--- Input ---

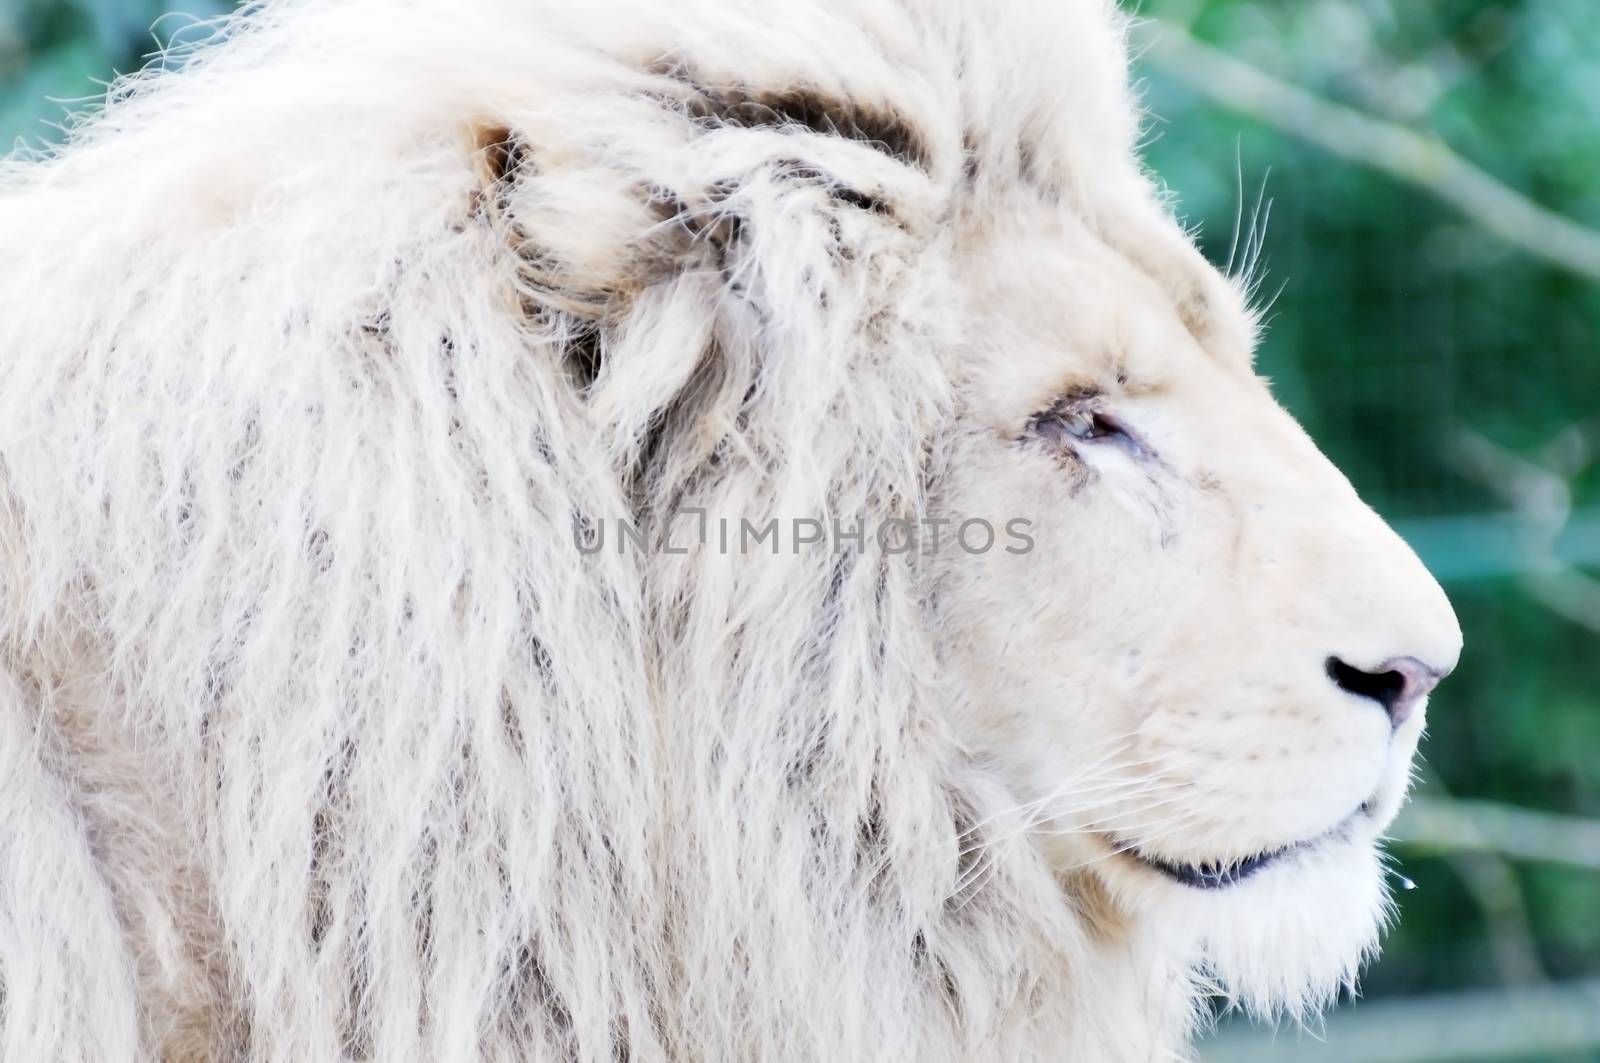 White lion closeup showing fur detail and face
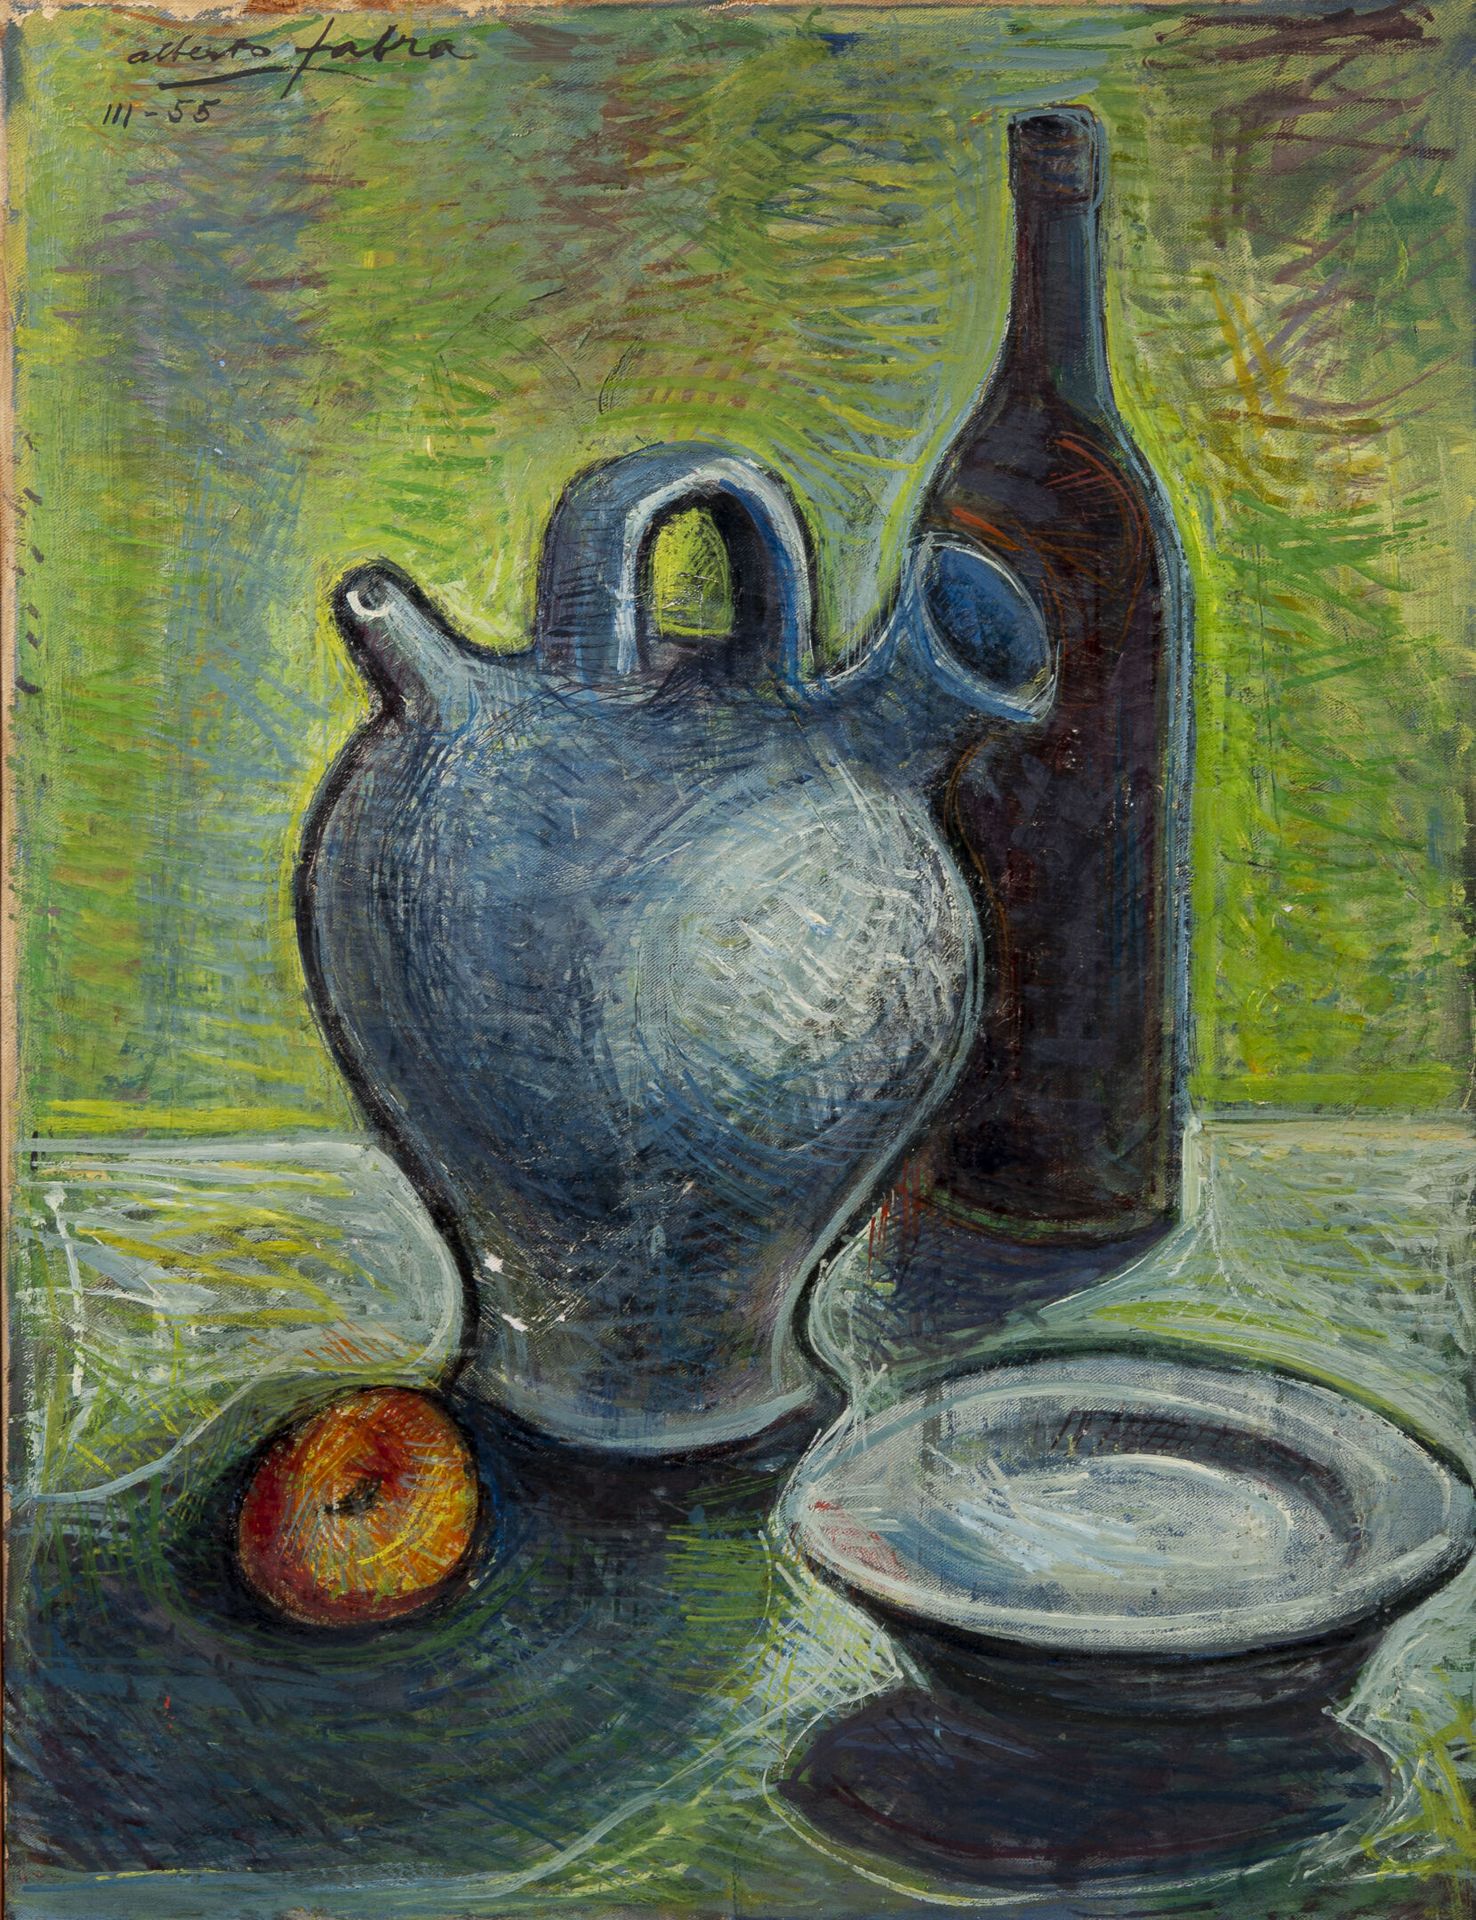 Alberto FABRA (1920-2011) 壶和瓶子的静物画，1955年。

布面油画。

左上角有签名和日期 "III-55"。

65 x 50厘米&hellip;

---

* Task instructions
Transcribe the listing exactly. Its images are to be omitted.

* Exercise answer
 White lion closeup showing fur detail and face
 Alberto FABRA (1920-2011) 壶和瓶子的静物画，1955年。

布面油画。

左上角有签名和日期 "III-55"。

65 x 50厘米&hellip;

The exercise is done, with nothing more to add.